_Exercise prompt_
Output, exactly and in full, only the lines from the one containing "NEUD Ginger Hair" to the last line of the data. Pictures should not appear.

_Stored data_
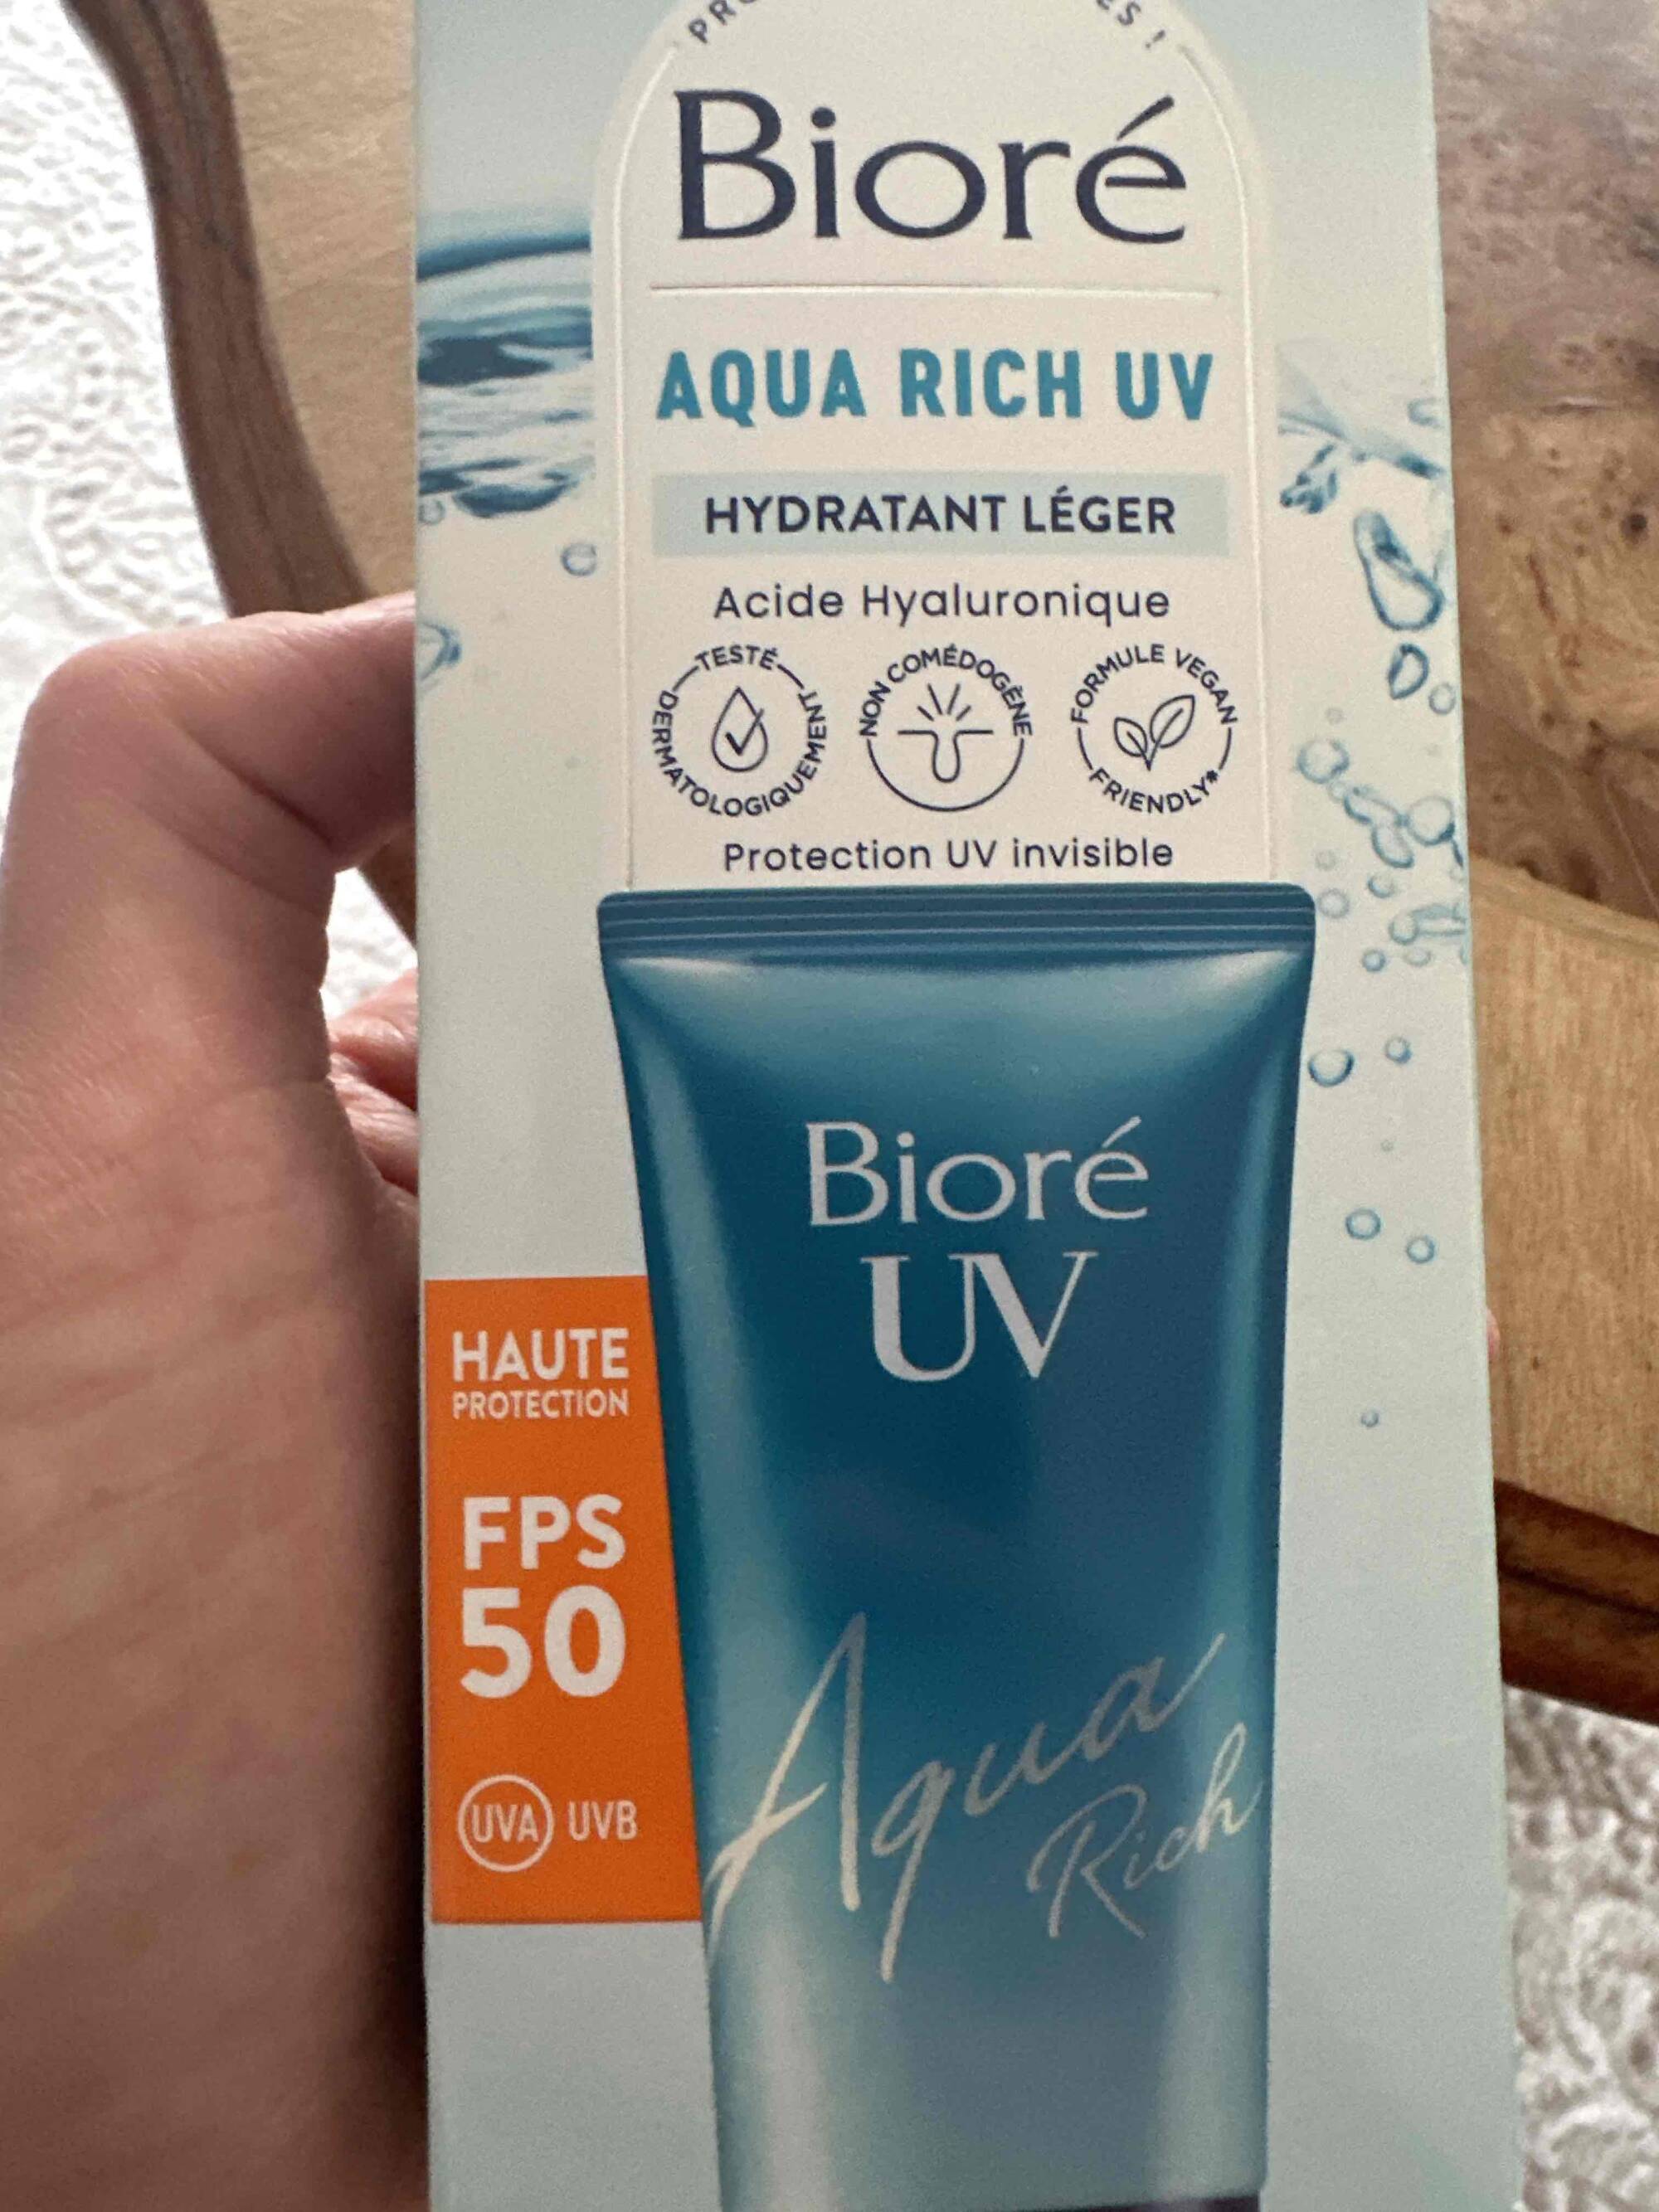 BIORÉ - Aqua rich uv FPS 50
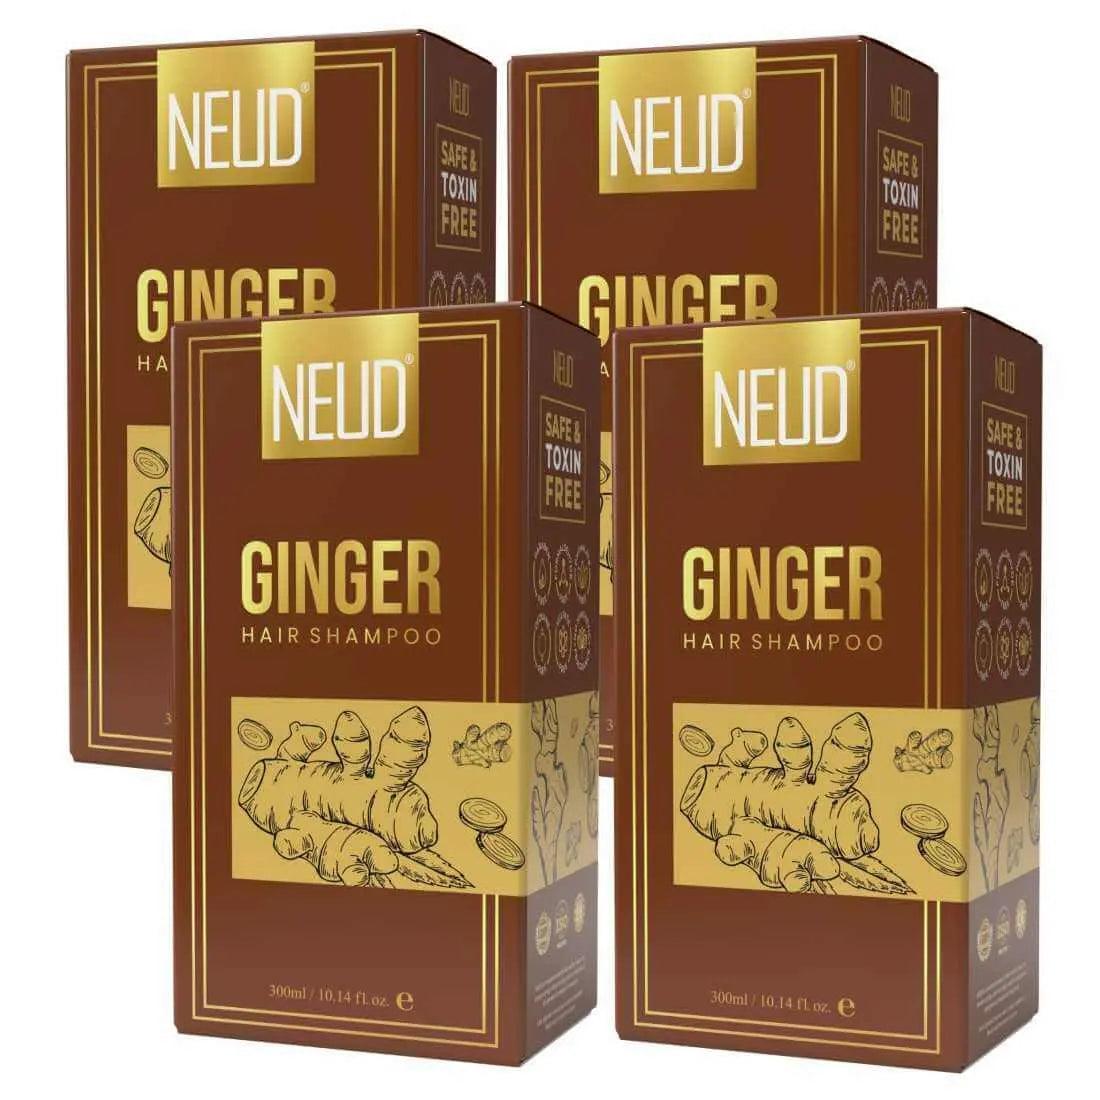 NEUD Ginger Hair Shampoo for Men & Women - 300 ml 9559682307262
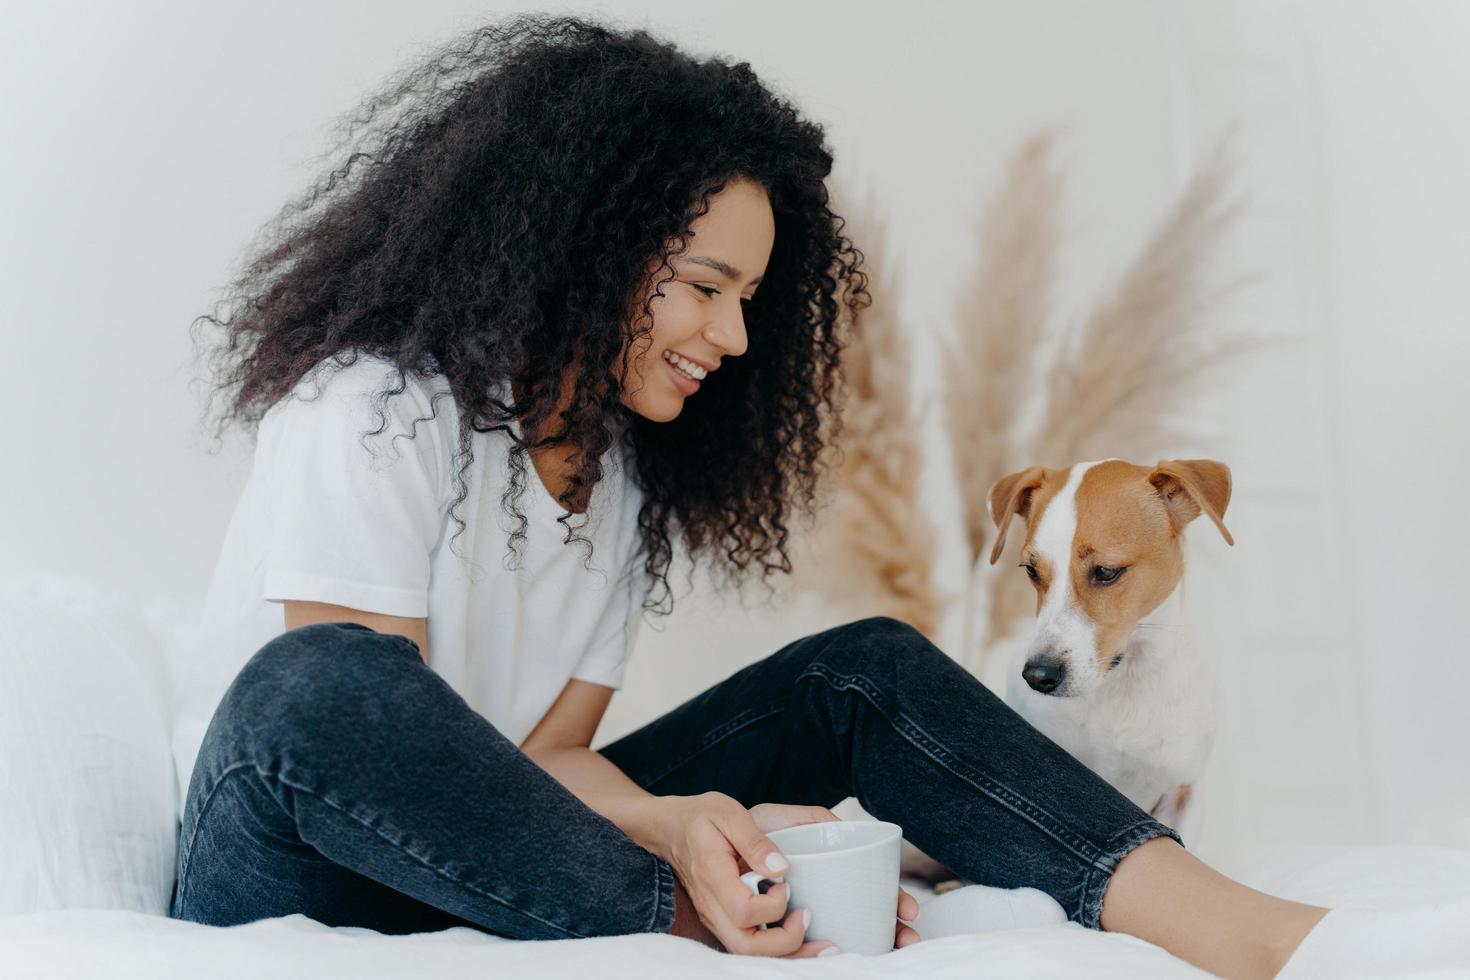 foto av härlig lockig kvinnlig hundägare ser med leende på djur, håller en kopp te, sitter på sängen i vitt rymligt sovrum, uttrycker kärlek till djur. människor, husdjur och vänskapskoncept

_Output below_
 NEUD Ginger Hair Shampoo for Men & Women - 300 ml 9559682307262
 foto av härlig lockig kvinnlig hundägare ser med leende på djur, håller en kopp te, sitter på sängen i vitt rymligt sovrum, uttrycker kärlek till djur. människor, husdjur och vänskapskoncept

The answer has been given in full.